Work instructions | Once you reach the line containing "Kitchen at Thornton" in the entries below, write out that line and each one after it down to the line containing "turtle beach stealth", exactly and with nothing added.

Source material |
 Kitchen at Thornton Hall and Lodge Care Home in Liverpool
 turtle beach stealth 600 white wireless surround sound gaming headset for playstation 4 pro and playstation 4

==

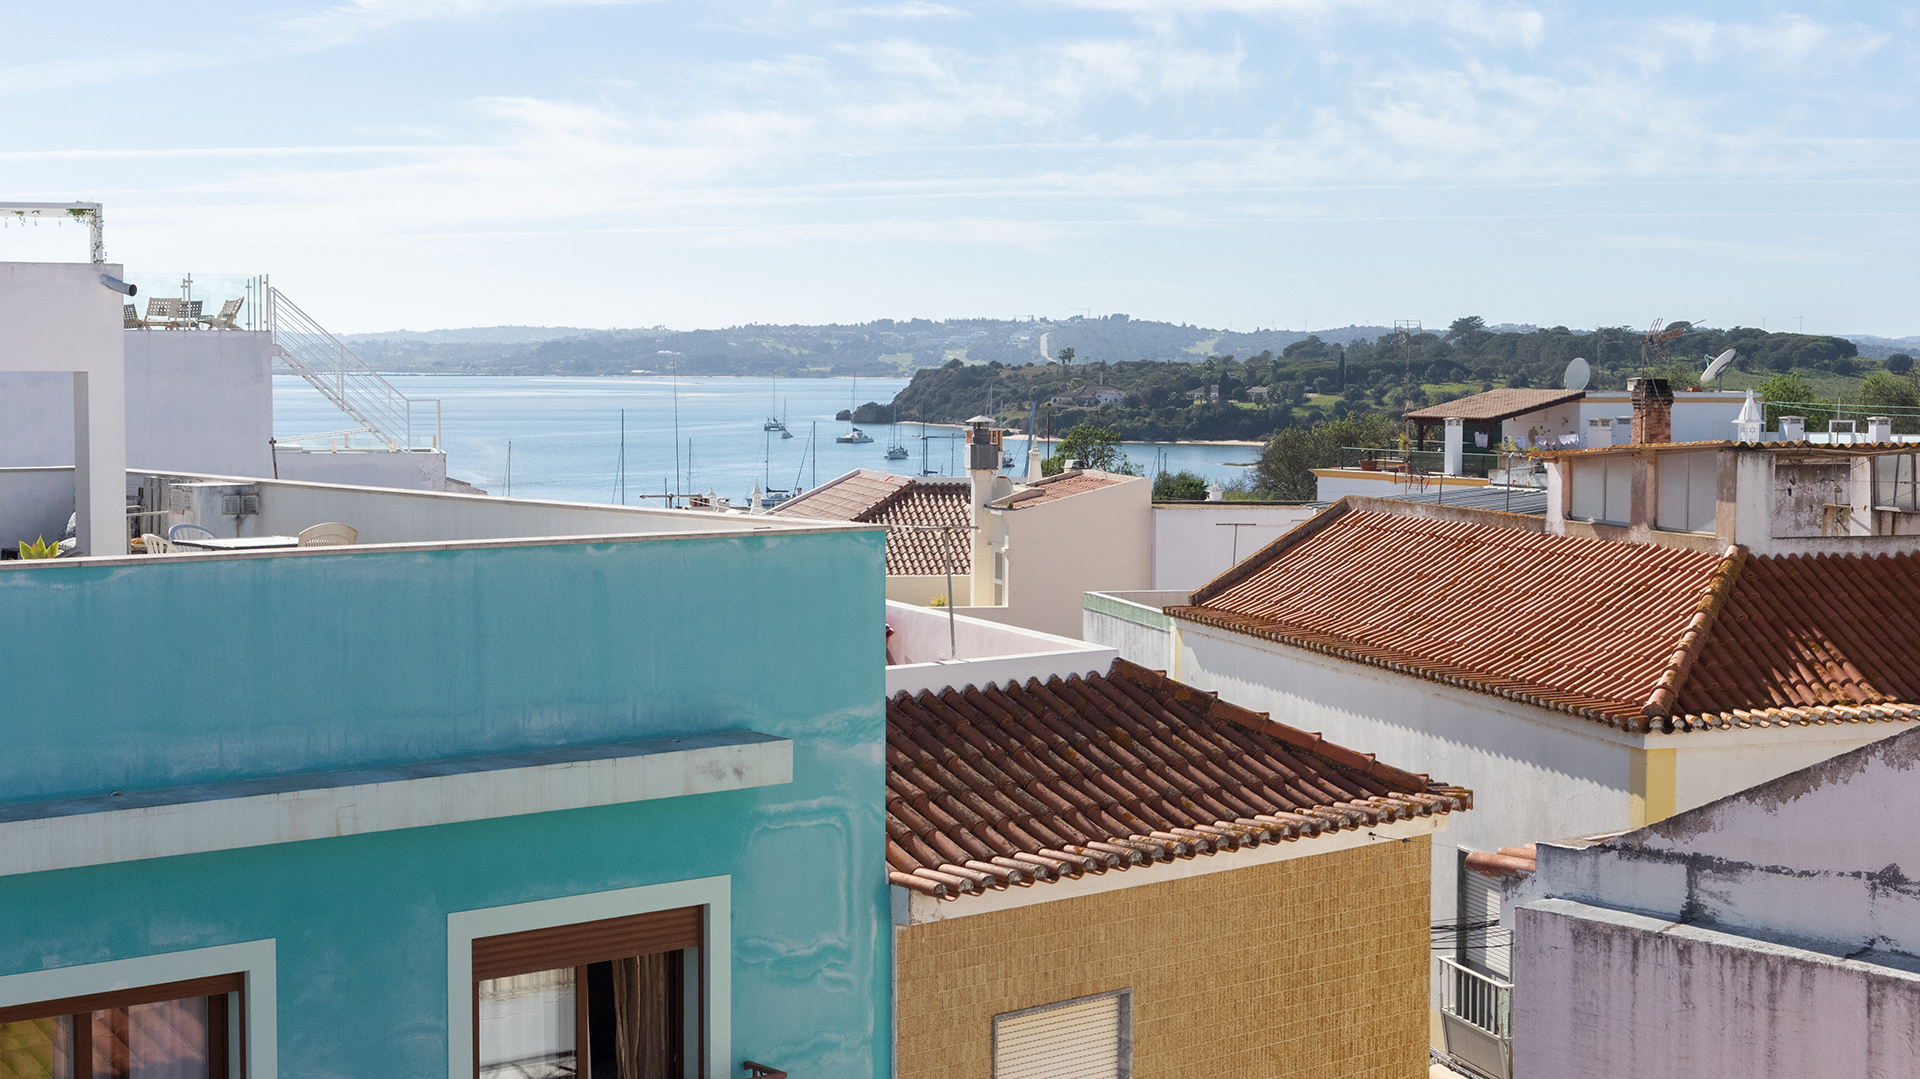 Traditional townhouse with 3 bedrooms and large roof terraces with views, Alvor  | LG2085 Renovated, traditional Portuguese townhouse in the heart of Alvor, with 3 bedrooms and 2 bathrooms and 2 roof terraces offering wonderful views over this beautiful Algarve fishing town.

Your solution |
 Kitchen at Thornton Hall and Lodge Care Home in Liverpool
 turtle beach stealth 600 white wireless surround sound gaming headset for playstation 4 pro and playstation 4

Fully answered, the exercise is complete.